For those who have had negative experiences could you please explain your setup? I am trying to get a feel for the negative effects and improper setup, namely where you output was going....As several have said, I believe it is crucial to have the output from your reactor going directly into your skimmer. Could this be one possibility to the effects some are seeing??
 
Ive been using bio pellets for over a year now........ when i started them it was in a tank that was a year old and had high nitrates, i dosed WM pellets according to tank size and didnt gradually add them over time. out put is in zip tied to front of the intake .In 24-48 hours i got a nice bio bloom, tank water went milky white for 48 hours. at the same time skimmer was pulling nasty sour white skim(lasted until bloom cleared). after that i noticed hair algae dieing rapidly, then cyano came.. my theory is yes there are organics released but i think its from algae decomposing. when i slack on keeping an eye on when i need to top off the pellets i notice algae blooms. then i top off and cyano returns, cyano seems to cycle through and i control it with KZ coral snow.
another problem ive noticed is trace elements seem to striped faster and i would have to dose potassium, iodine and trace element product to keep my SPS( tank is mostly SPS) from getting pale. for the last month and a half ive been using KZ sea water complex(Meerwaser) and coral still looks good. i also run a high capacity gfo to help with phosphates with no problems.

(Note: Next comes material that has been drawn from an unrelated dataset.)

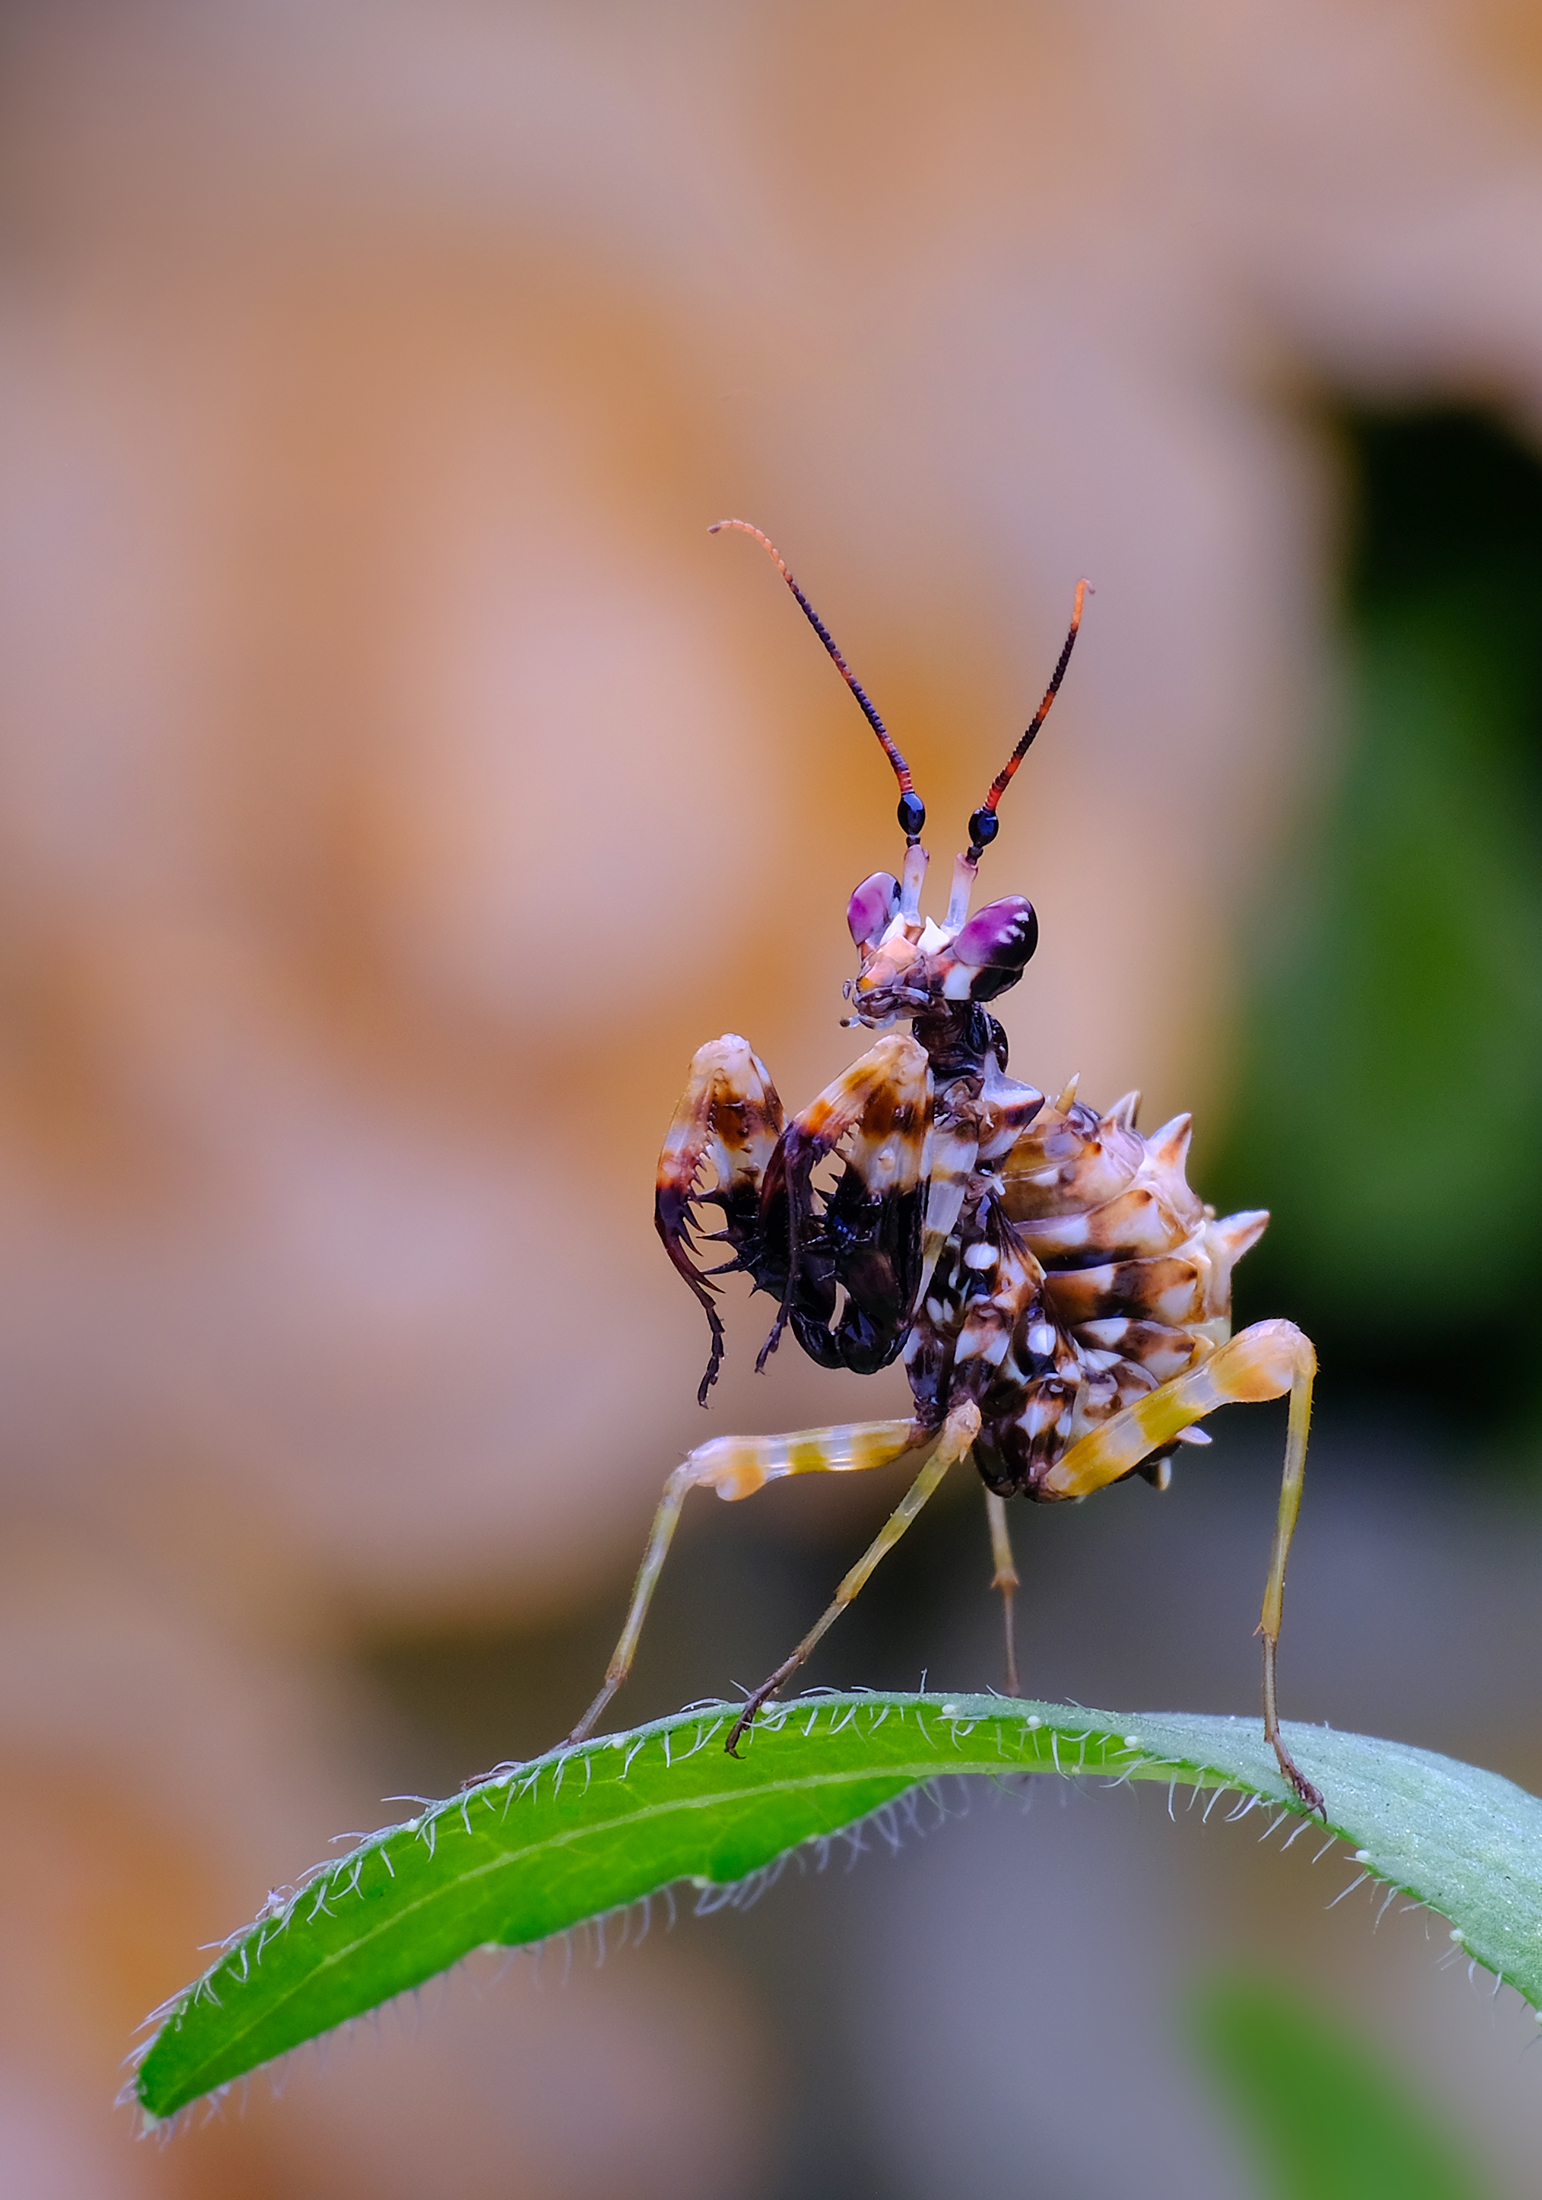 刺花螳螂 有多大图片

Curious how you knew your trace elements were being removed from the water faster?
im sure more water changes could help with elements but i work full time and go to school full time. so water changes are 10 gallons a month on a 85g system.
 
I had bad cyano in my tank a while back. I bought some chemi clean and it wiped it all out in 2 days. Since then I have not had one single sign of any algae in my tank but maybe some diatoms. The p04 and nitrate is always zero no matter how many more fish I add. Now the tank is to the point where the cyano can't come back becuase there is nothing for it to live on. The biggest problem I see with pellets is it drives down the nutrients way to low and your tank starts having issues. I like vodka cause it seems like a middle point of the 2 methods. The best thing to do with pellets is to run like half the recommended dosage.

Is it not possible you simply added too large a volume of pellets?